Restricting doctor access is one lever that insurers use to control costs, and many Advantage carriers have been struggling with profitability over the past couple of years, says Vijay Kotte, CEO of GoHealth, a Medicare broker. Even if all your doctors participate in your plan this year, there could be changes in store for 2026.

Problem is, it isn’t always easy for Advantage enrollees to determine who is in or out of their network. And it’s nearly impossible to predict which specialists you might need if your health changes. There’s a “tremendous burden on beneficiaries to figure it out,” says Matthew Rae, co-author of the KFF study.

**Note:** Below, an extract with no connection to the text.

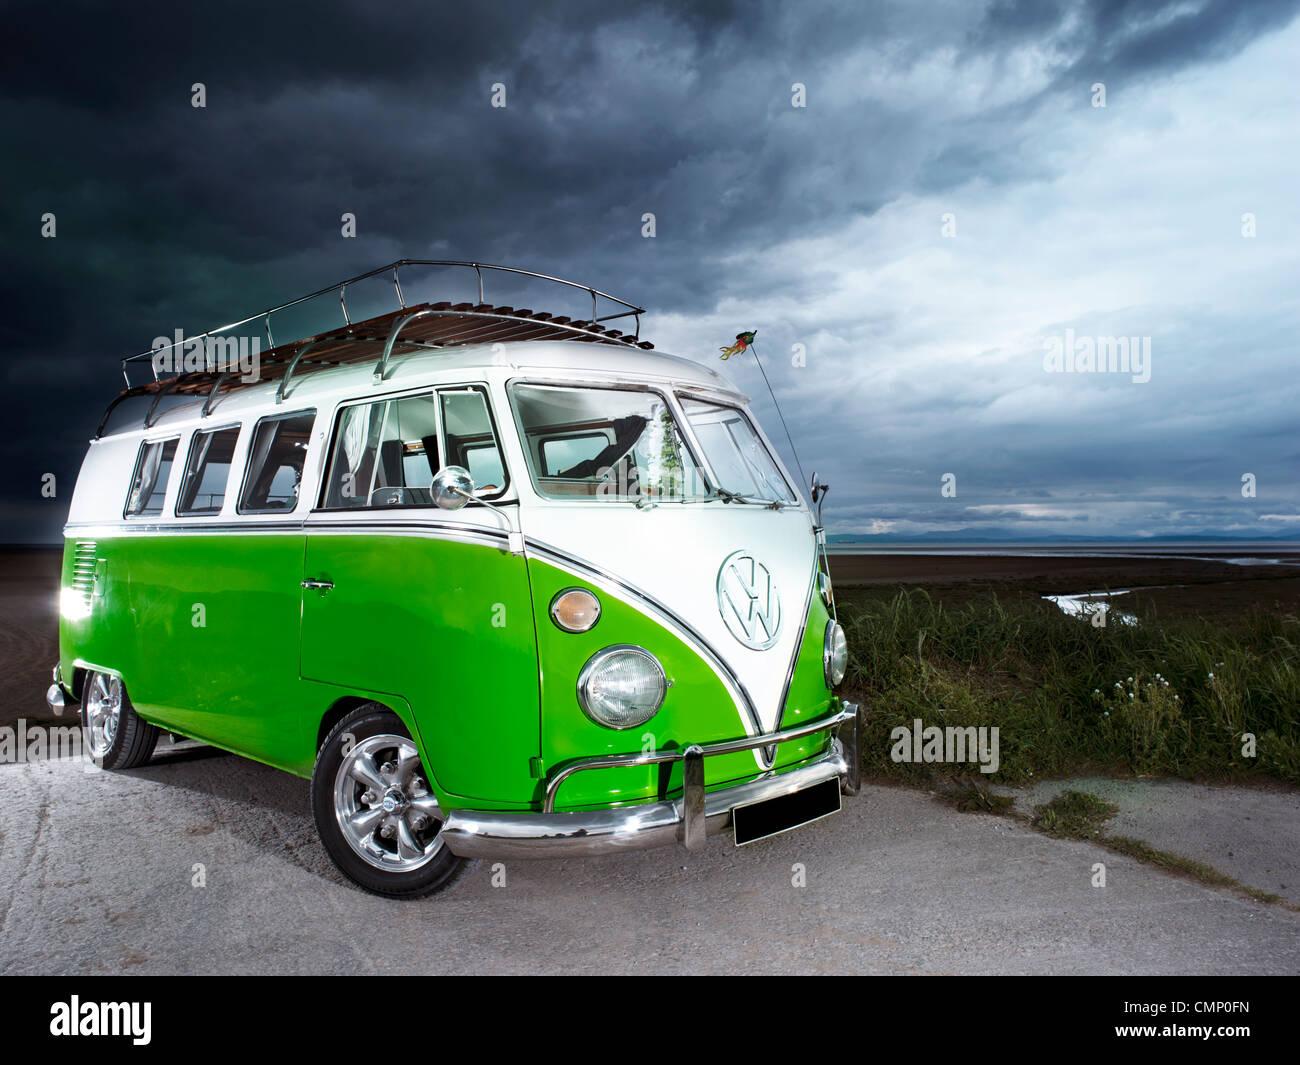 green vw volkswagen split screen camper van bus hippie hippy 1960s stock photo royalty free. Black Bedroom Furniture Sets. Home Design Ideas

Changes to provider networks can come from both directions: Advantage plans can drop doctors and medical groups from their networks, and providers themselves can stop taking Advantage plans. Starting in January, for instance, the Mayo Clinic in Rochester, Minn., and its regional Mayo Clinic Health System will no longer accept Medicare Advantage plans from UnitedHealthcare and Humana. Those facilities will be out-of-network for affected plan members.

A spokesperson for the Mayo Clinic said patients should “confirm their coverage and network access with their Medicare Advantage plan before enrolling for the upcoming year.”

To stay on top of provider changes, pay close attention to your mail. During open enrollment, it can be hard to sort the real correspondence from advertisements, but keep an eye out for a letter from your plan that will alert you to provider changes. Insurance brokers can help, but make sure your broker works with a range of insurance companies and be wary of aggressive sales tactics that might indicate a financial incentive to steer you toward one plan over the other.

Medicare’s online Plan Finder tool asks about your medical providers so it can search for plans they participate in. Cross-check this information—and anything you might find on an insurer’s website—with your doctors. Give their office the full name of Advantage plans you’re considering to make sure they’re in network.

If your plan is being discontinued, you have to actively enroll in a new Advantage plan to stay in the program. Otherwise, you will be defaulted to traditional Medicare and may be given a guaranteed window to buy a Medigap plan for the 20% of covered costs that Medicare doesn’t foot.

Outside of your initial Medicare enrollment period and certain limited circumstances, you have to pass medical underwriting to buy a Medigap plan. This requirement prevents many people in less-than-stellar health from leaving an Advantage plan for traditional Medicare.